**Source data**
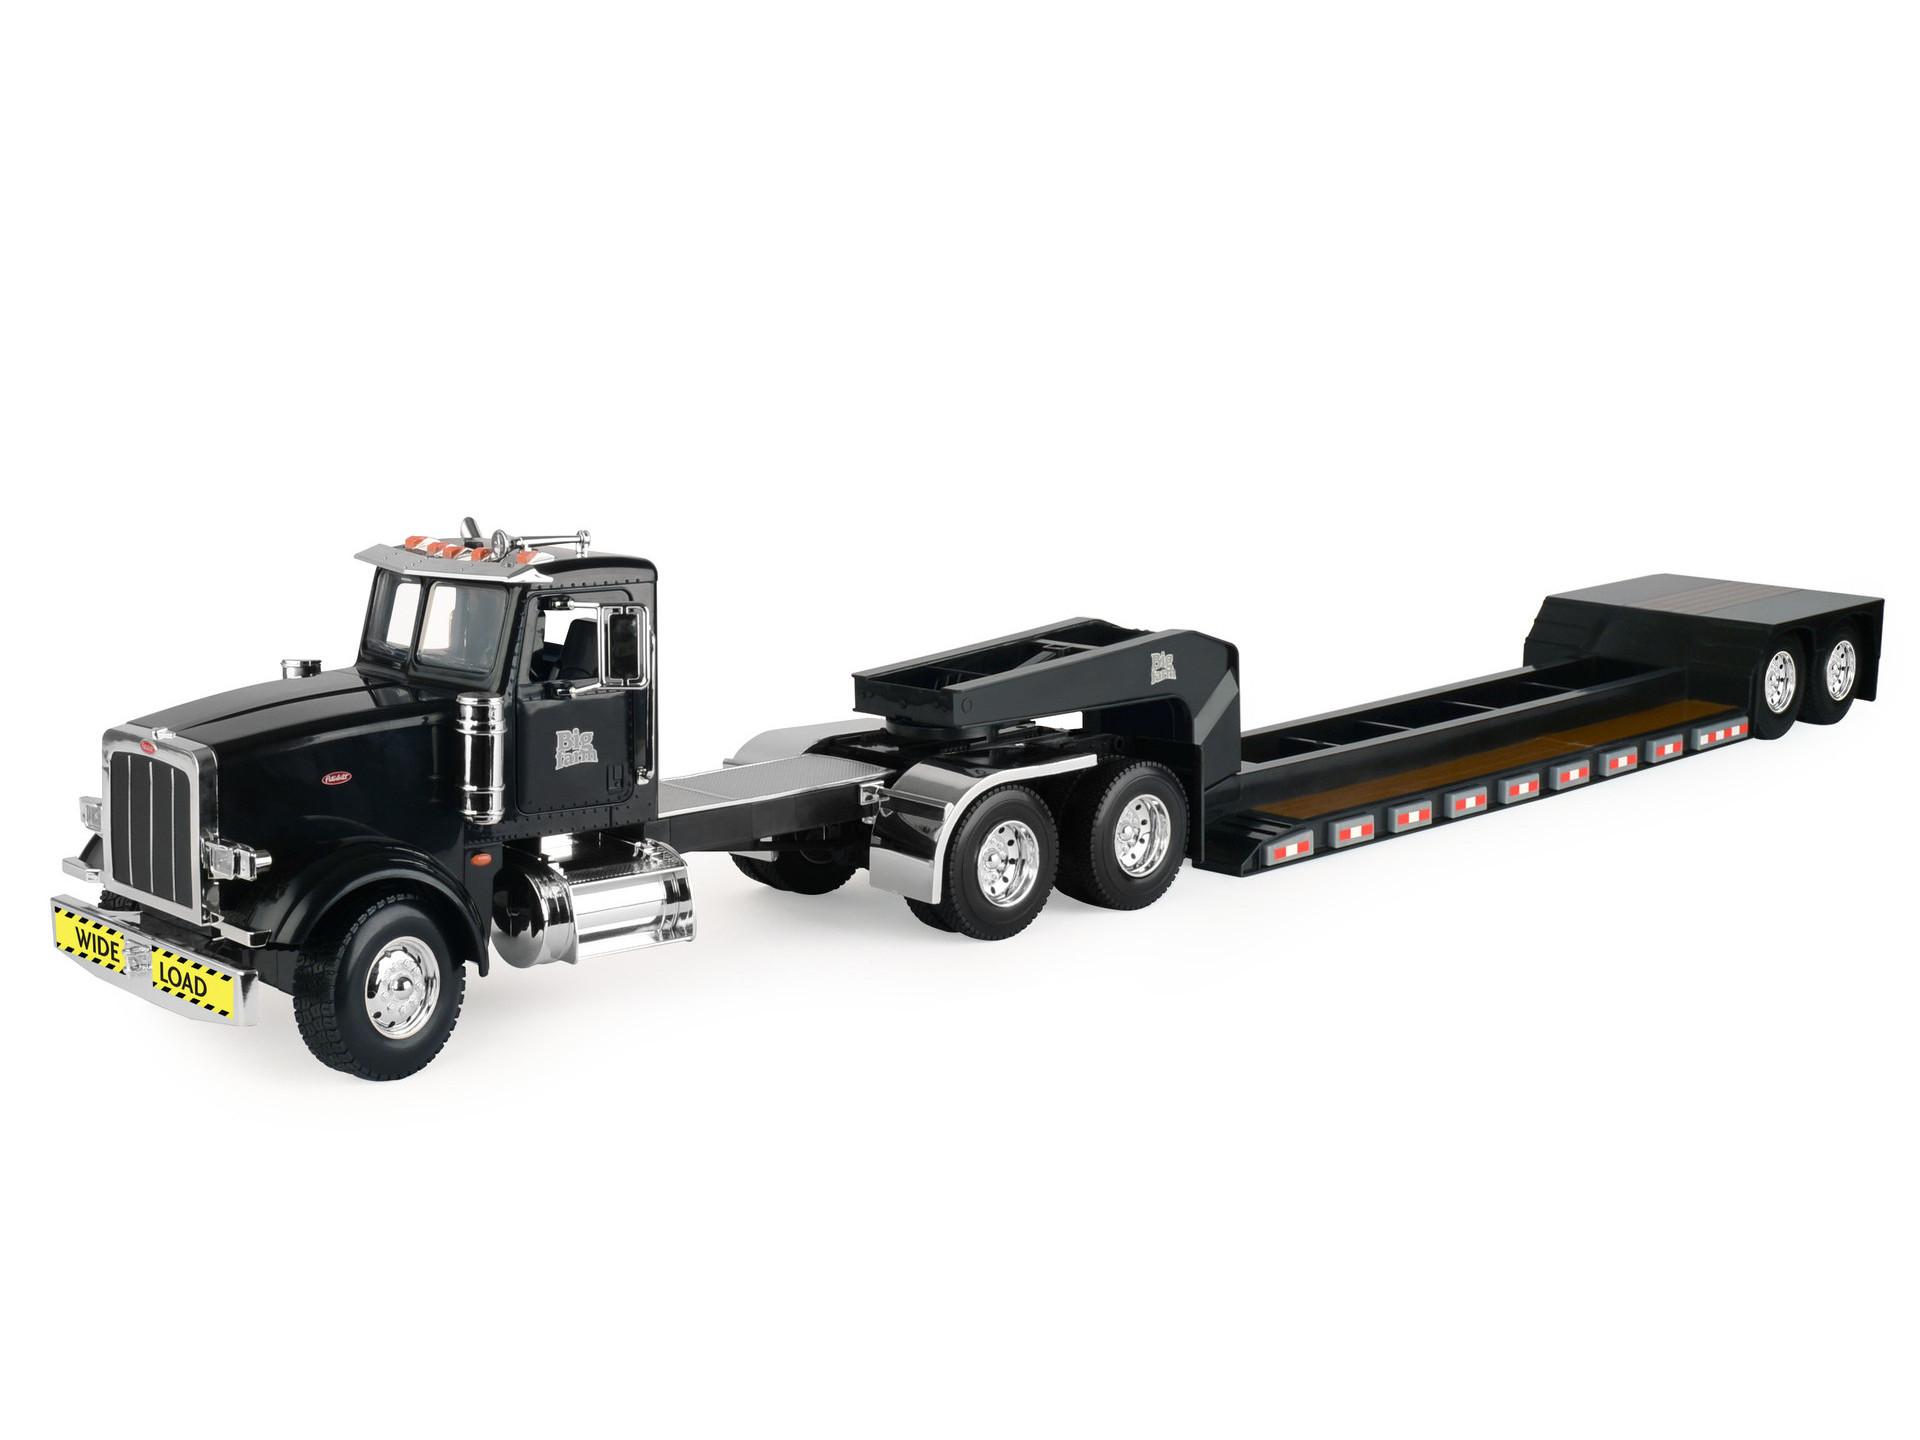 Peterbilt Truck With Lowboy Trailer
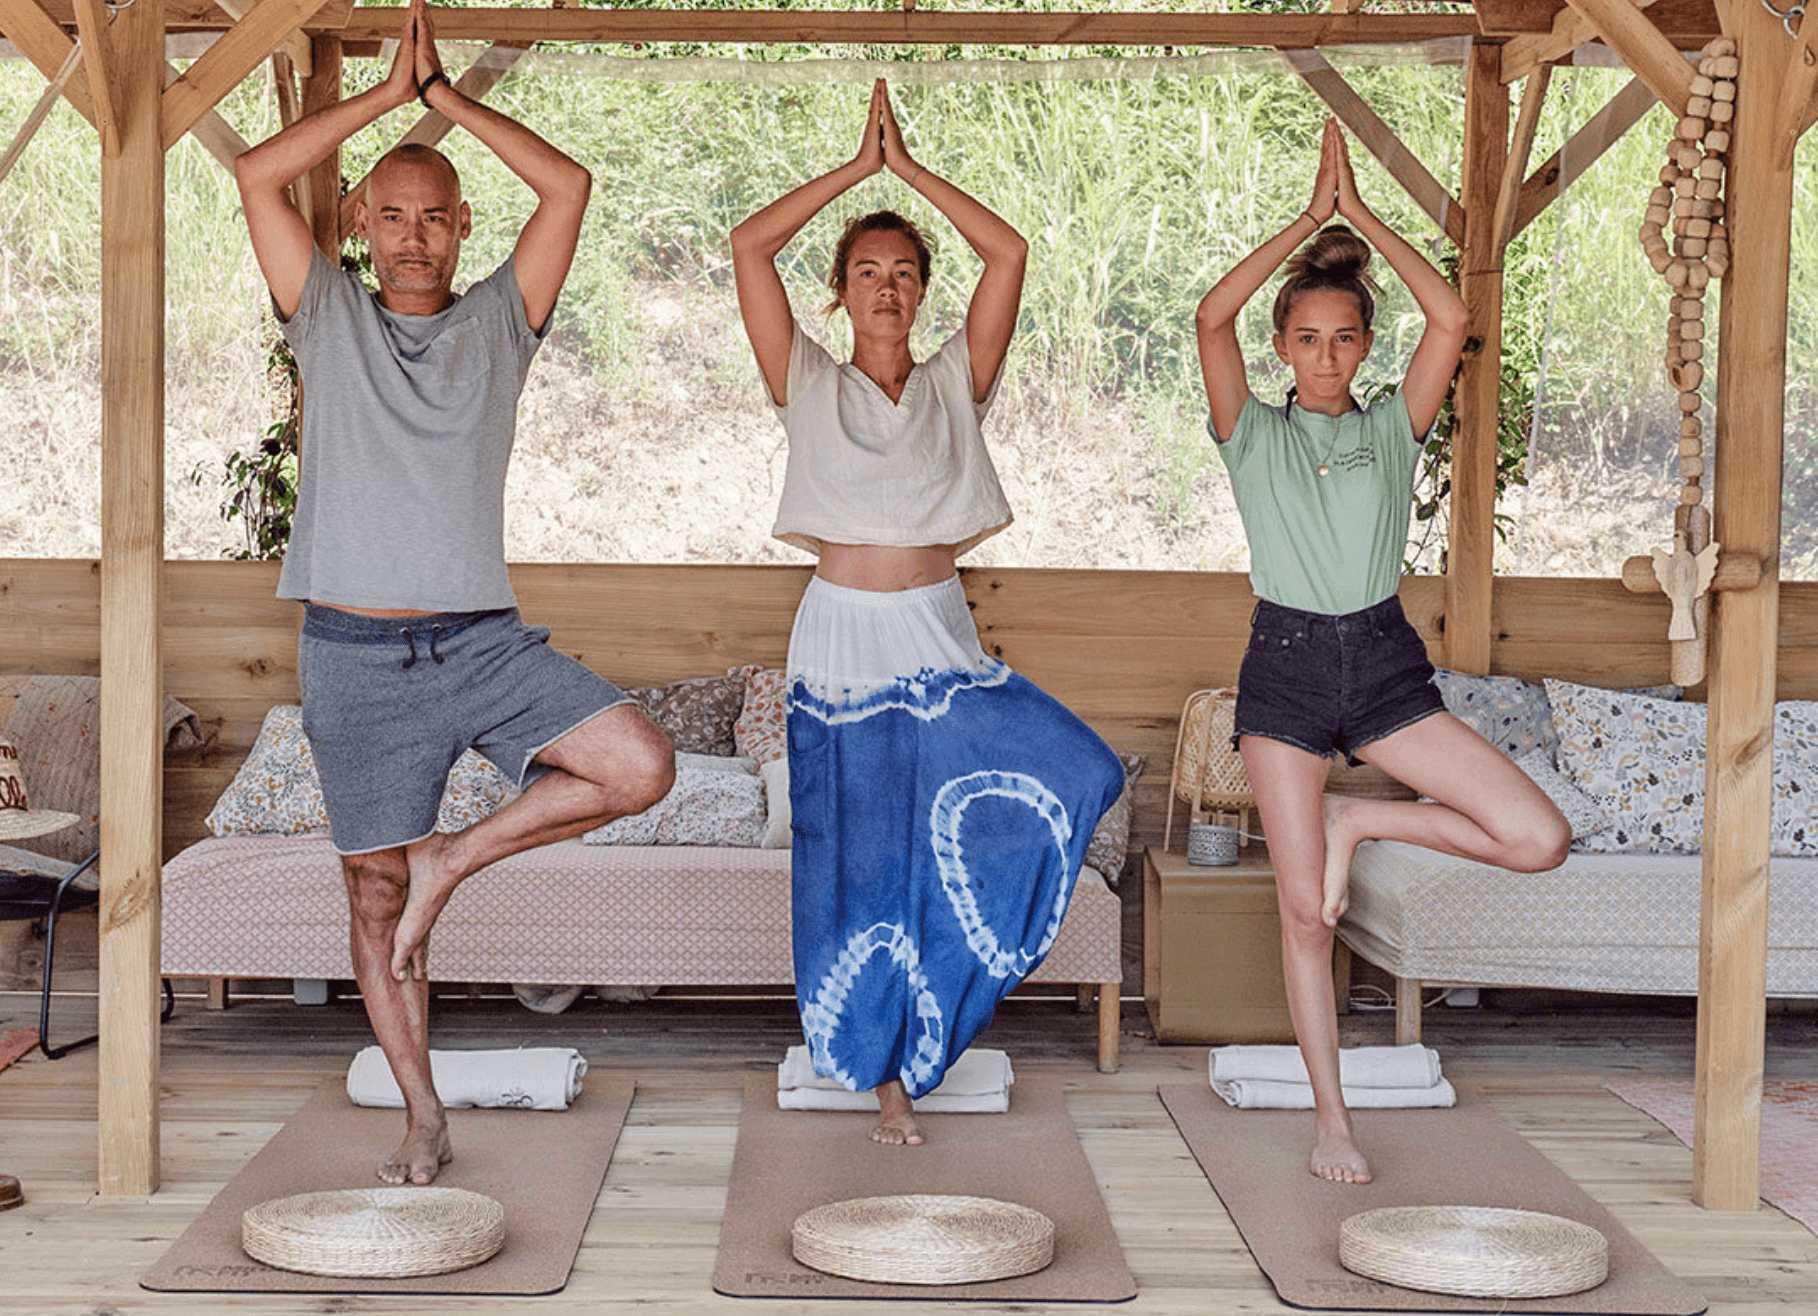 casa sallusti cours yoga nice
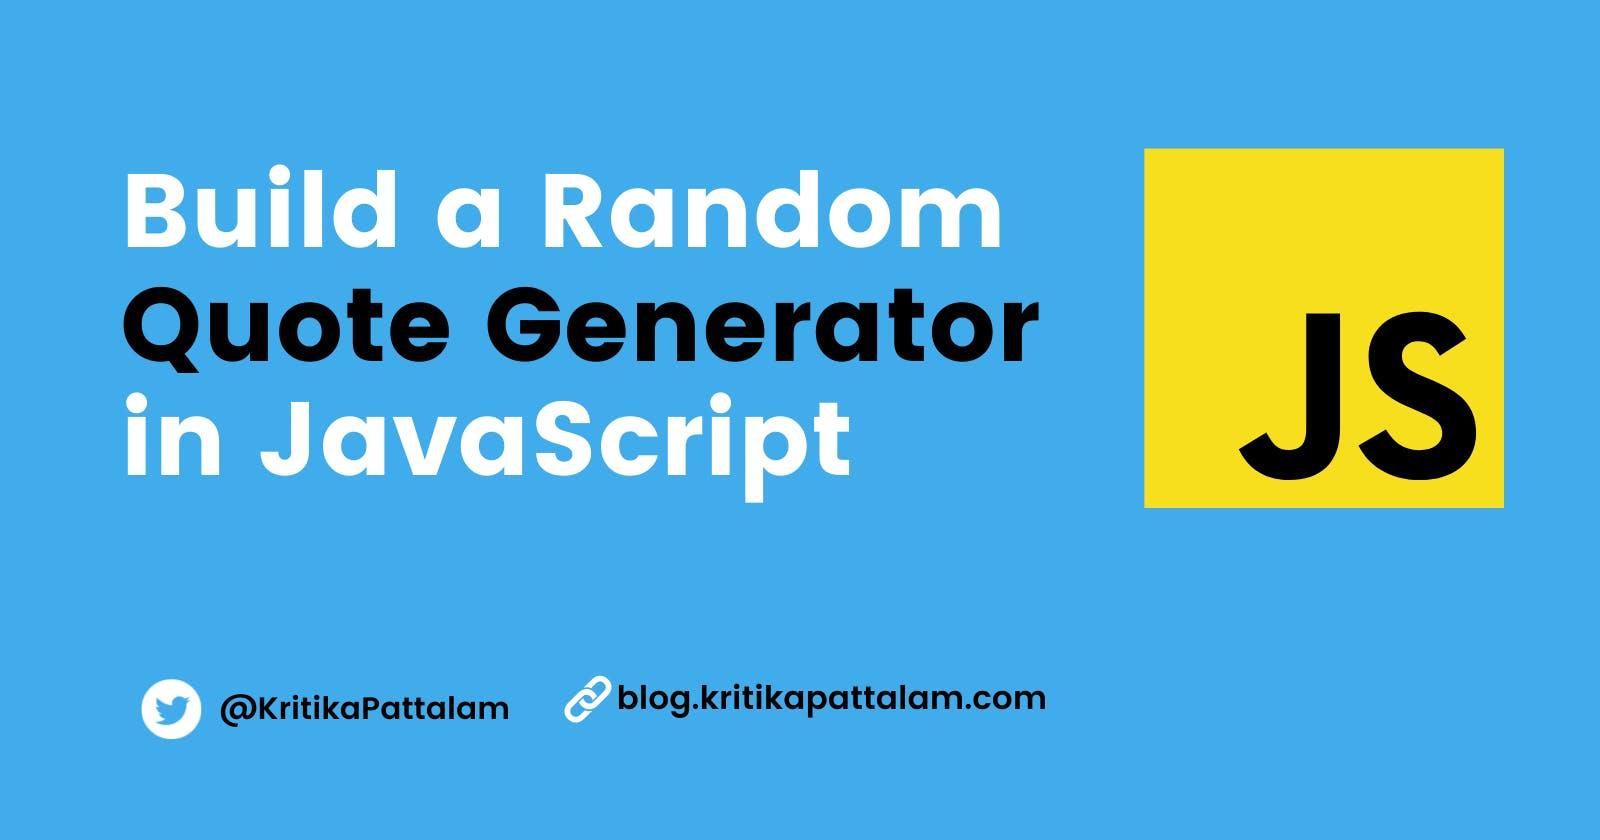 Build a Random Quote Generator using JavaScript

**What the task requires**
Please output the material above again, exactly, and omit every image.

**Task response**
 Peterbilt Truck With Lowboy Trailer
 casa sallusti cours yoga nice
 Build a Random Quote Generator using JavaScript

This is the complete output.